Template Version 8.2 EN (AsciiDoc-based), January 2023

Created and maintained by Dr. Peter Hruschka, Dr. Gernot Starke, and contributors. See arc42.org.

Note:
This version contains help and explanations for learning arc42 and understanding its concepts. For documenting your own system, use the plain version.


1. Introduction and Goals

Describes the relevant requirements and driving forces for software architects and the development team, including:

  • Underlying business goals
  • Essential features and functional requirements
  • Quality goals for the architecture
  • Relevant stakeholders and their expectations

1.1 Requirements Overview

Contents:
Short description of functional requirements and driving forces. Reference requirements documents if available.

Motivation:
From the end user's perspective, the system is created or modified to better support business activities or improve quality.

Form:
Short textual description, possibly in tabular use-case format. Reference requirements documents if they exist.

See Introduction and Goals in the arc42 documentation.

1.2 Quality Goals

Contents:
List the top three to five quality goals for the architecture that are most important to stakeholders.

Motivation:
Knowing stakeholders' quality goals influences fundamental architectural decisions. Be concrete and avoid buzzwords.

Form:
A table with quality goals and concrete scenarios, ordered by priority.
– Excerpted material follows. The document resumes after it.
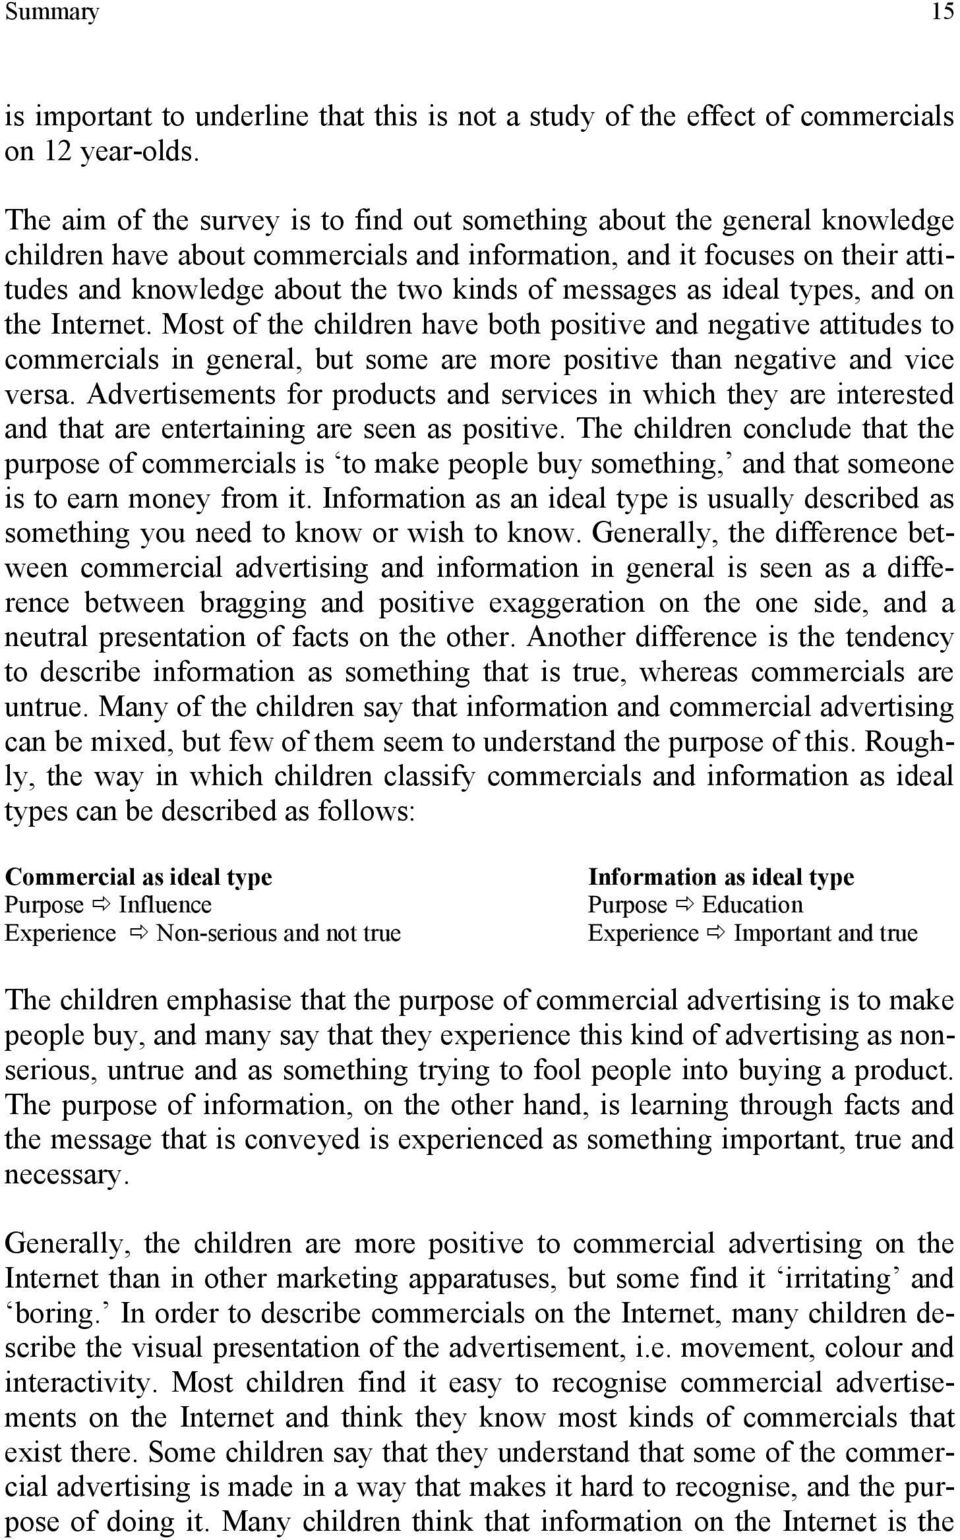 messages as ideal types, and on the Internet. Most of the children have both positive and negative attitudes to commercials in general, but some are more positive than negative and vice versa.

Categories of Quality Requirements

1.3 Stakeholders

Contents:
Overview of system stakeholders (people, roles, organizations) who:

  • Should know or be convinced of the architecture
  • Work with the architecture or code
  • Need the documentation for their work
  • Make decisions about the system or its development

Motivation:
Identify all parties involved or affected to avoid surprises later. Stakeholders determine the extent and detail of your work.

Form:
Table with role names, contacts, and expectations.

Role/Name Contact Expectations

2. Architecture Constraints

Contents:
Any requirement that constrains architectural or development decisions, possibly organization-wide.

Motivation:
Architects must know where they are free to decide and where constraints apply.

Form:
Simple tables of constraints with explanations. Subdivide into technical, organizational, or political constraints as needed.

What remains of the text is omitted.